Europe’s economy depends on the natural world functioning as it should, but the effects of climate change risk undermining increasingly delicate ecosystems. Talks about the European Union’s next long-term budget miss this fact.

Climate-related losses in the EU have already reached €822 billion since 1980, with a quarter of that damage concentrated in just the past four years. Ecosystems are under increasing pressure: more than 80% of protected habitats are in poor condition, soils are degrading and water stress is rising across the continent.

The latest state of the climate report by the EU’s Earth monitoring service Copernicus confirms this worrying state of affairs: 95% of Europe experienced above-average temperatures in 2025.

Economic exposure to nature-related risk is also growing. Businesses, banks and insurers are beginning to reflect this in their risk assessments.

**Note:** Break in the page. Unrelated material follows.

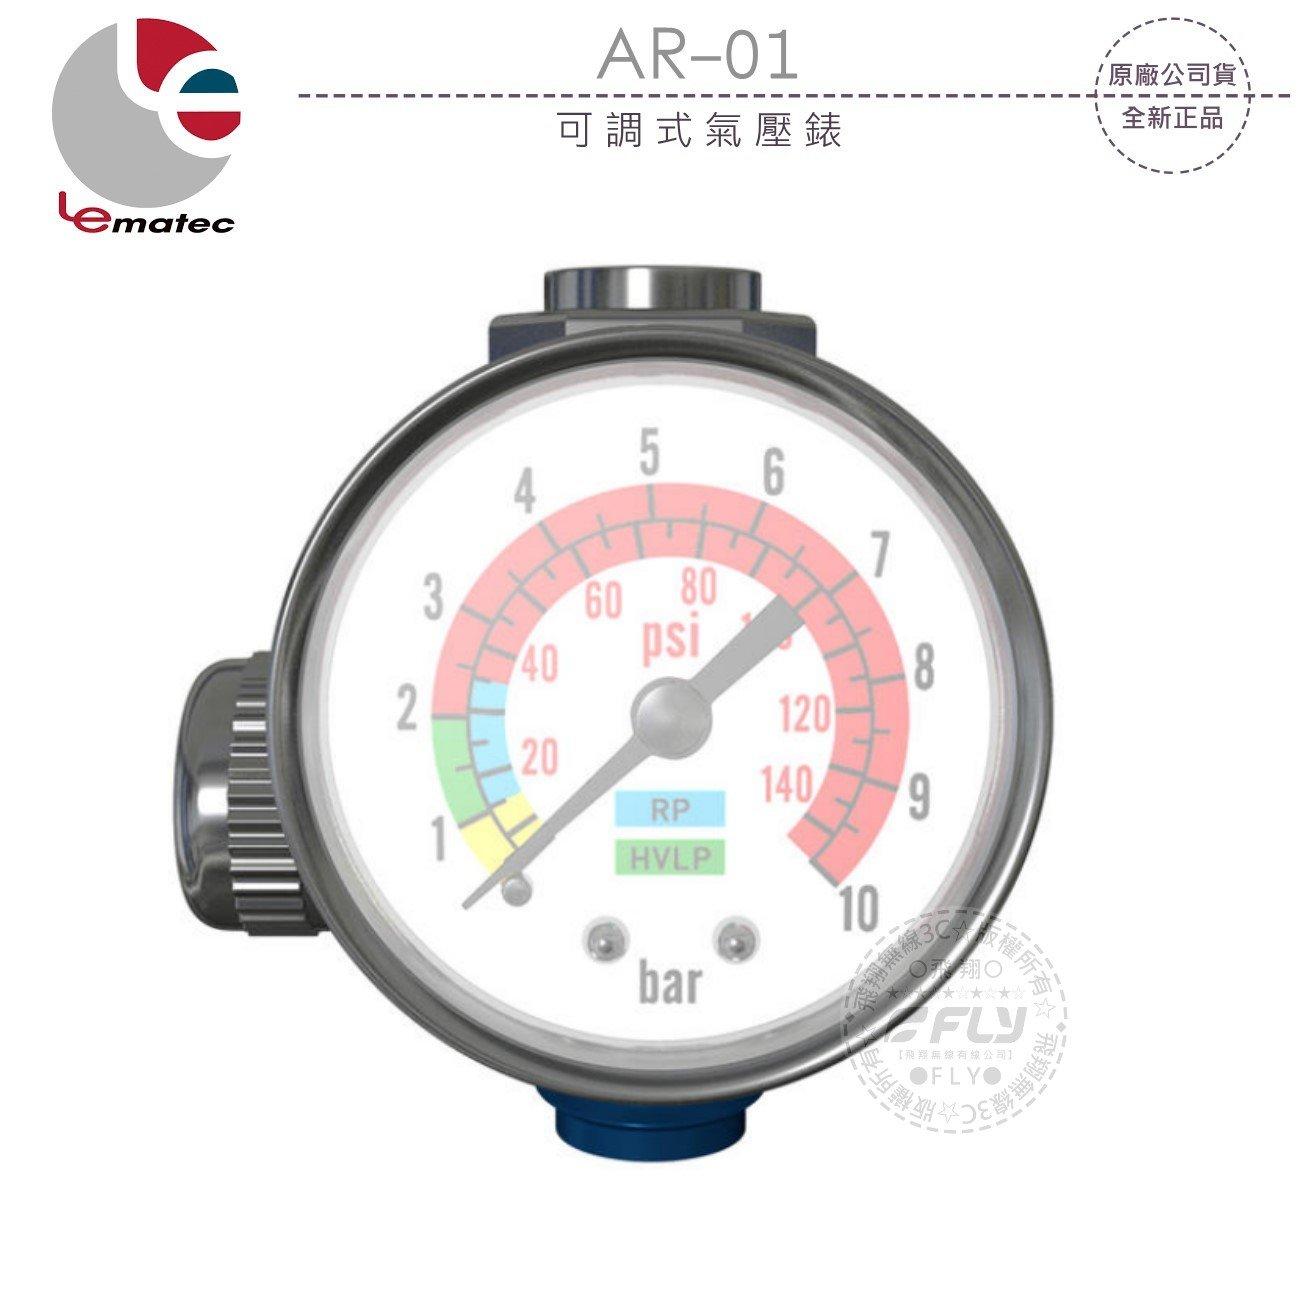 《飛翔無線3C》lematec AR-01 可調式氣壓錶│ 貨│氣壓計 空氣噴漆噴槍調節器 壓縮機調壓閥
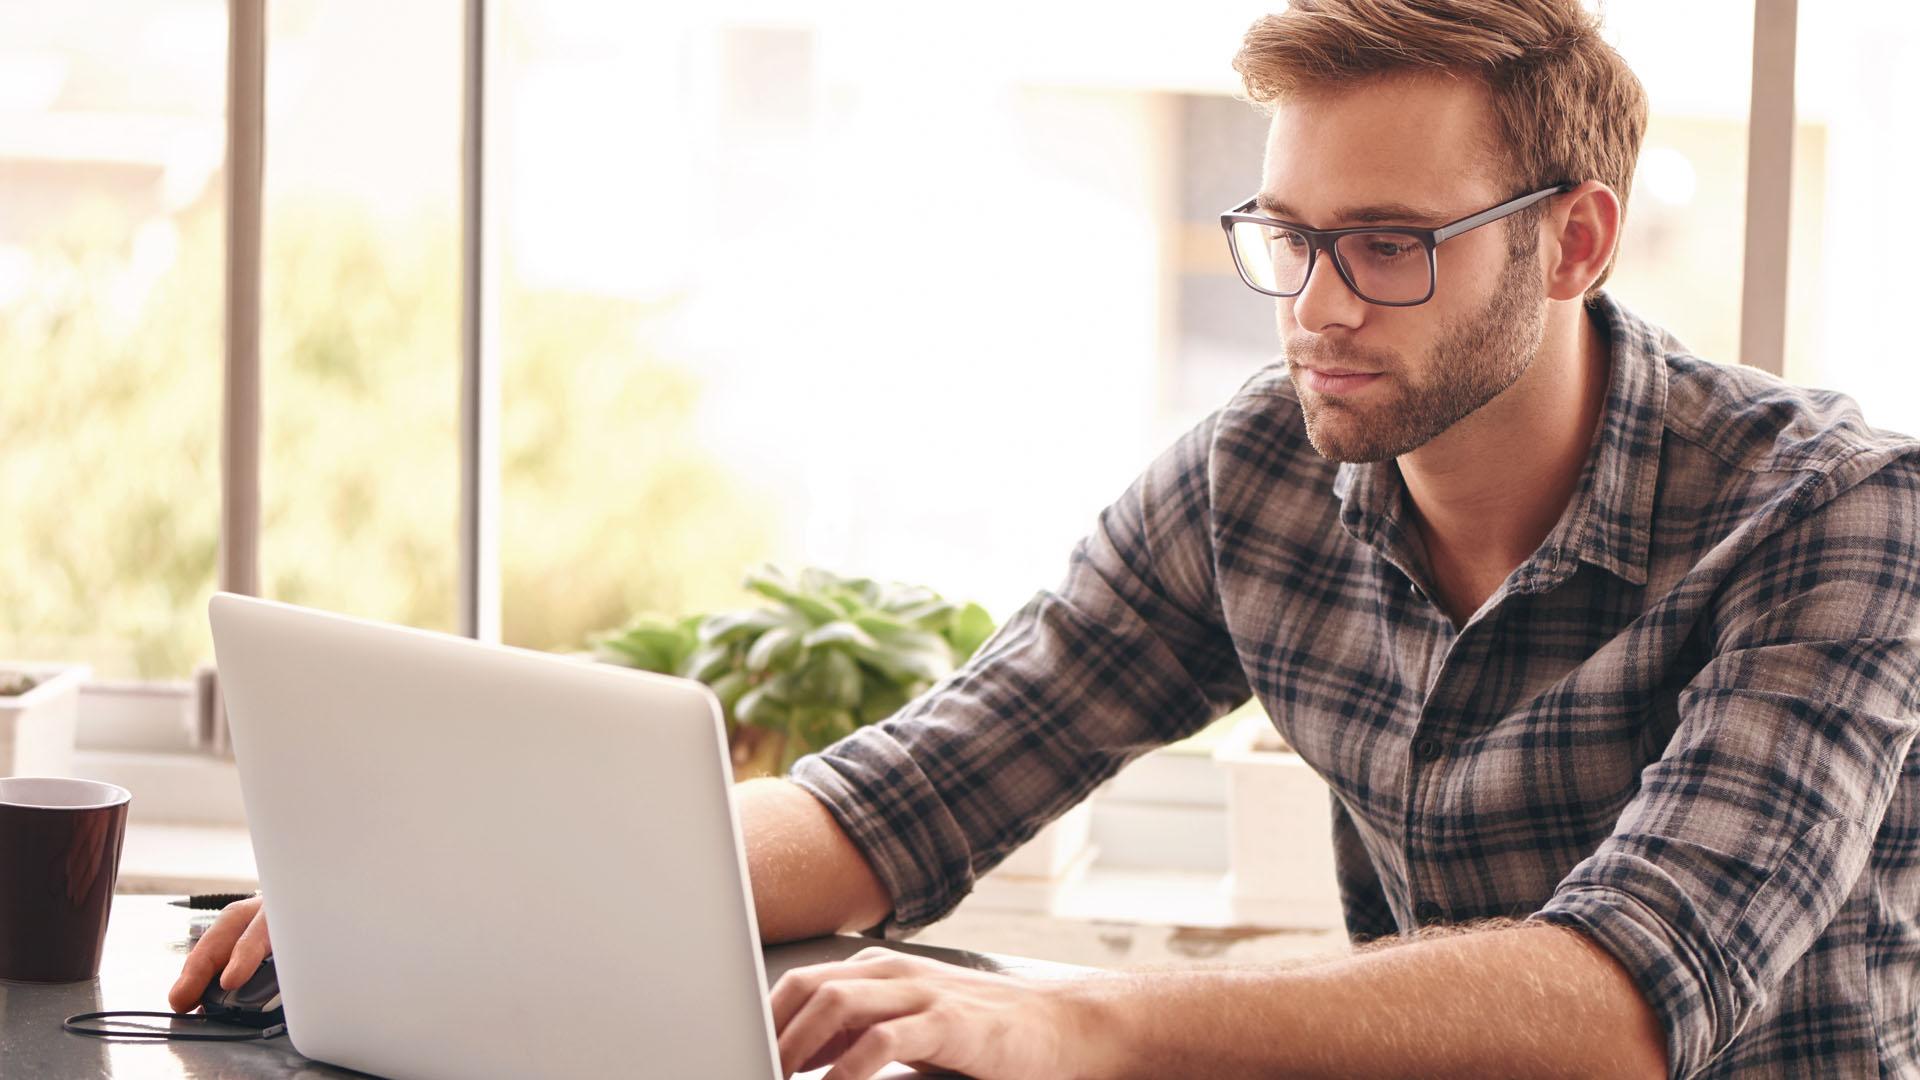 O que as pessoas procuram nos cursos online

So, will the policymakers in charge of developing the European Union’s next big budget integrate this vision? We are in the midst of finding out.

    Every seven years, the EU must negotiate a new budget that will help fund priorities over a seven-year-long period. The current one, which runs out next year, is worth more than a trillion euros.

    Talks about the next multiannual financial framework (MFF) for 2028-2034 are now getting serious and the initial outline of this new budget shows it will focus on competitiveness, resilience and prosperity.

    But, as the European Parliament adopted its negotiating position for the crunch budget talks and EU member states shape their approach ahead of a Council meeting on May 26, it is clear that the positioning of nature within this framework is strategically underestimated.

    Why nature impacts economic growth 

    Back in 2022, France’s nuclear power output was severely affected when heatwaves drove up the temperature of the rivers used to cool atomic reactors, impacting other European countries too. This was particularly poor timing given the energy price crisis triggered earlier that year by Russia’s illegal invasion of Ukraine.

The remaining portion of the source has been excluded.